As shown in Figure 1, both the Sandstone samples (solid lines) and the Carbonate samples (dashed lines) can be differentiated from each other. However, it is noteworthy that the Modified Andrews Curves (bottom plot) maintain this differentiation over a longer interval of the domain.
Figure 2: Andrew Curves of the standardized Example 1 data . The line type differentiates the samples according to their Population attribute - Solid Lines: Sandstone; Dashed lines: Carbonated. The top plot is for the original Andrews Curves and the bottom plot is for the Modified Andrews Curves.
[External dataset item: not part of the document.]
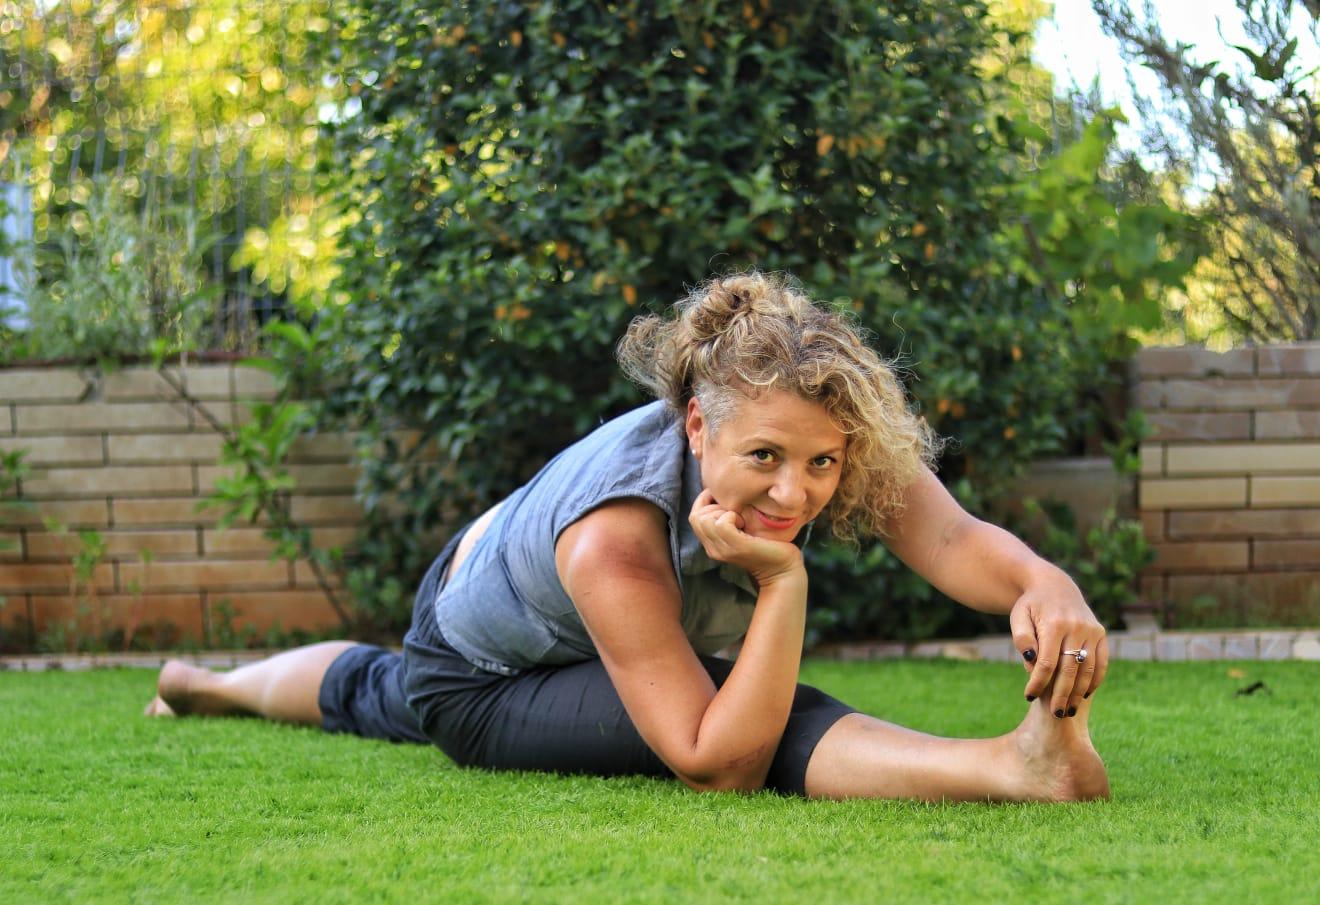 פסטיבל יוגה ישראל - יוגה נשית לקראת גיל המעבר - קארינה קזאז

Similarly to the previous analysis, Figure 2 clearly shows the distinction between the Sandstone samples (solid lines) and the Carbonate samples (dashed lines), with the Modified Andrews Curves (bottom plot) providing an even clearer distinction between the sample types. However, through the standardization process, it becomes more apparent that there are sub-populations within both the Sandstone and Carbonate data, highlighting the importance of applying such standardization before using Andrews Curves transformations to more precisely identify groups.
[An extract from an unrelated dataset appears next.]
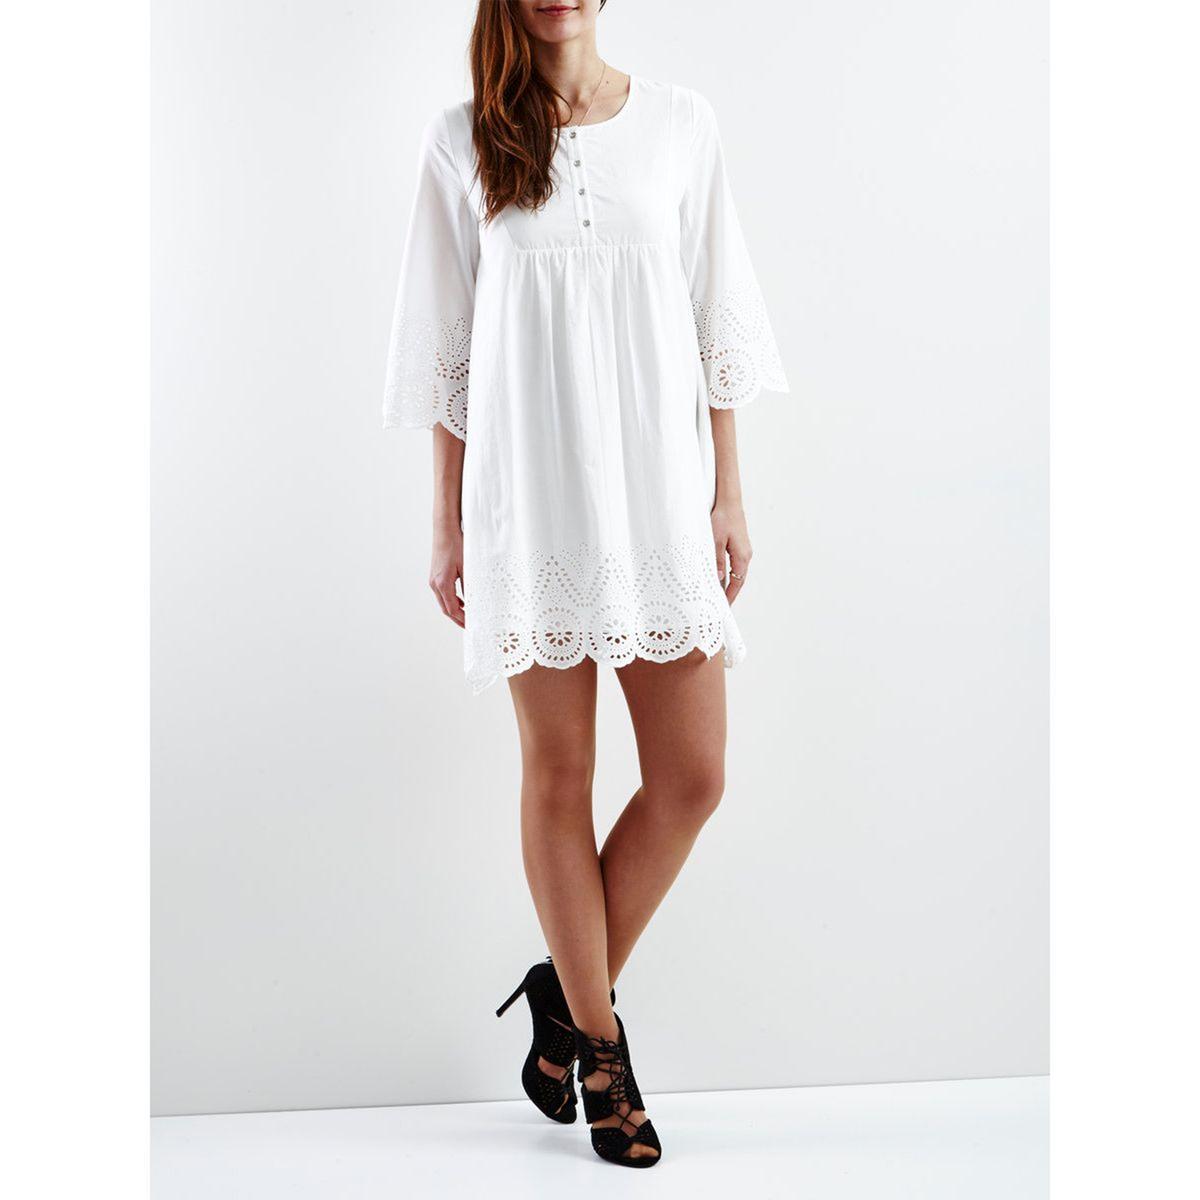 Платье объемное с вышитыми вставкамиМатериал : 100% хлопок  Длина рукава : длинные рукава  Форма воротника : Круглый вырез Покрой платья : расклешенное платье Рисунок : однотонная модель   Длина платья : до колен<br><br>Цвет: белый

Figure 3: Parallel plots of the Example 1 data. The line color differentiates the samples according to their Population attribute - Orange: Carbonate; Blue: Sandstone.
In Figure 3, the parallel plots clearly differentiate the data according to its Population type based on the y1, …, y6 attributes. Evidence of the sub-populations discussed in the Andrews Curves for Standardized Data can also be observed here, reinforcing the findings of distinct groups within the Sandstone and Carbonate data.
When it comes to identifying populations within the data, all the techniques covered are capable of distinguishing between them. However, focusing specifically on the Andrews Curves, the comparison between the results in Figures 1 and 2 highlights the enhanced differentiation achieved with the standardized data. The standardization process revealed the existence of sub-populations more clearly. Additionally, the Modified Andrews Curves outperformed the original Andrews Curves in terms of resolution, indicating that applying Modified Andrews Curves to standardized data offers the best combination of characteristics for using Andrews Curves to differentiate data into distinct groups.
On the other hand, Parallel Plots seem to outperform the other techniques covered in this exploratory data analysis. Similar to the Modified Andrews Curves for standardized data, the Parallel Plot effectively differentiates population types and shows evidence of sub-populations. However, it has the additional advantage of allowing the identification of specific attributes that contribute to distinguishing between populations and sub-populations.